JCoDA: a tool for detecting evolutionary selection
© Steinway et al; licensee BioMed Central Ltd. 2010
Received: 12 January 2010
Accepted: 27 May 2010
Published: 27 May 2010
The incorporation of annotated sequence information from multiple related species in commonly used databases (Ensembl, Flybase, Saccharomyces Genome Database, Wormbase, etc.) has increased dramatically over the last few years. This influx of information has provided a considerable amount of raw material for evaluation of evolutionary relationships. To aid in the process, we have developed JCoDA (Java Codon Delimited Alignment) as a simple-to-use visualization tool for the detection of site specific and regional positive/negative evolutionary selection amongst homologous coding sequences.

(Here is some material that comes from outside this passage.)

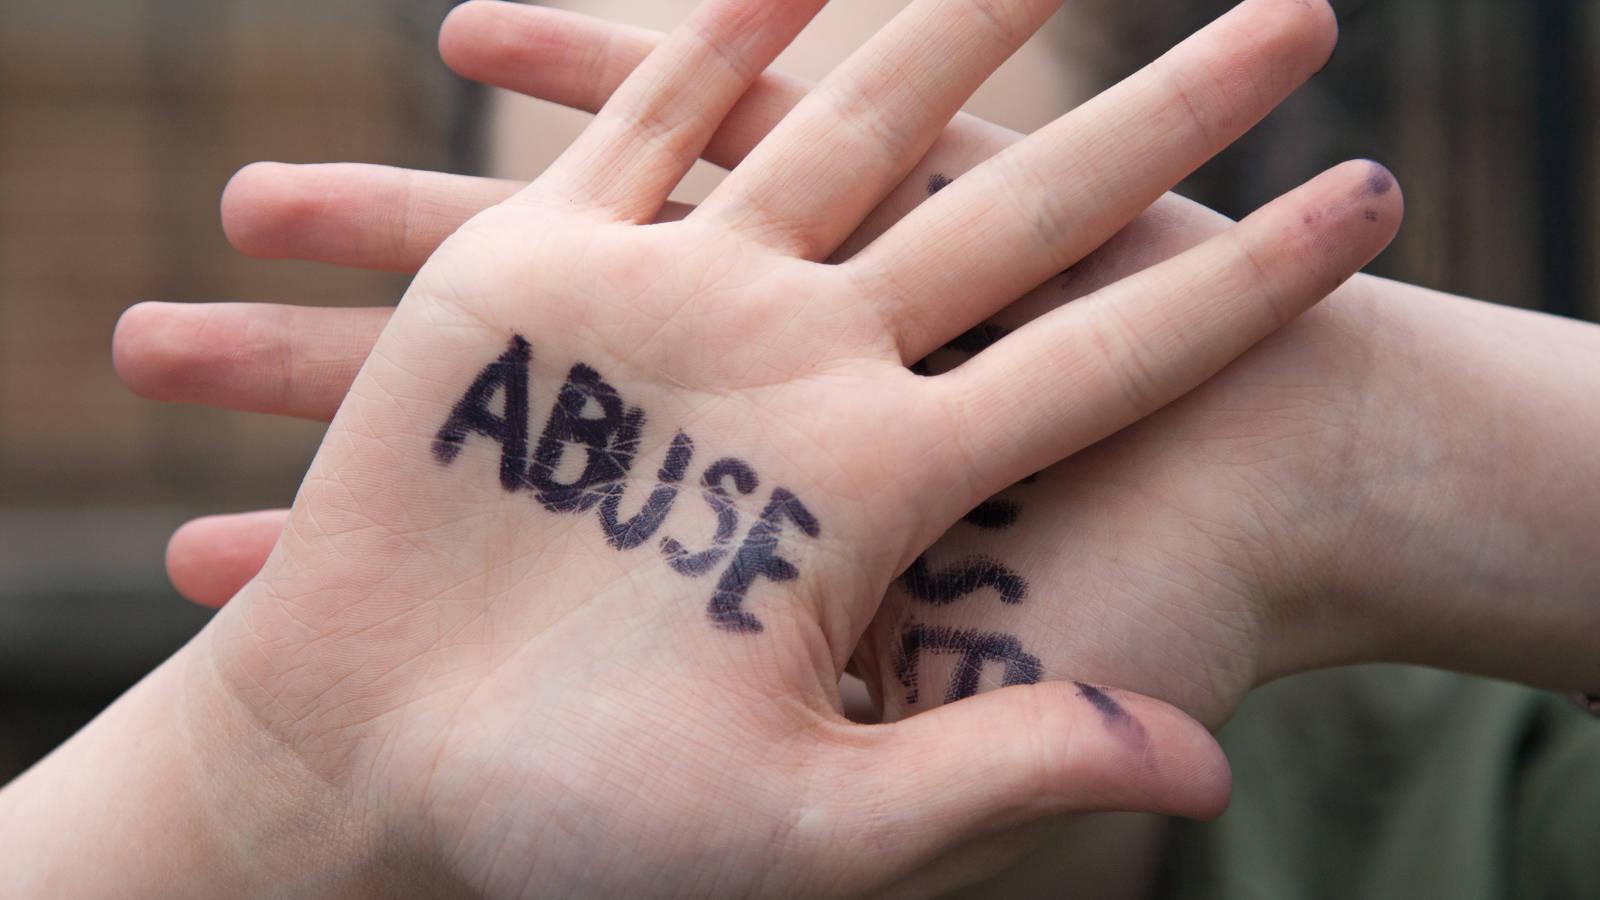 Abuse written on a hand

JCoDA accepts user-inputted unaligned or pre-aligned coding sequences, performs a codon-delimited alignment using ClustalW, and determines the dN/dS calculations using PAML (Phylogenetic Analysis Using Maximum Likelihood, yn00 and codeml) in order to identify regions and sites under evolutionary selection. The JCoDA package includes a graphical interface for Phylip (Phylogeny Inference Package) to generate phylogenetic trees, manages formatting of all required file types, and streamlines passage of information between underlying programs. The raw data are output to user configurable graphs with sliding window options for straightforward visualization of pairwise or gene family comparisons. Additionally, codon-delimited alignments are output in a variety of common formats and all dN/dS calculations can be output in comma-separated value (CSV) format for downstream analysis. To illustrate the types of analyses that are facilitated by JCoDA, we have taken advantage of the well studied sex determination pathway in nematodes as well as the extensive sequence information available to identify genes under positive selection, examples of regional positive selection, and differences in selection based on the role of genes in the sex determination pathway.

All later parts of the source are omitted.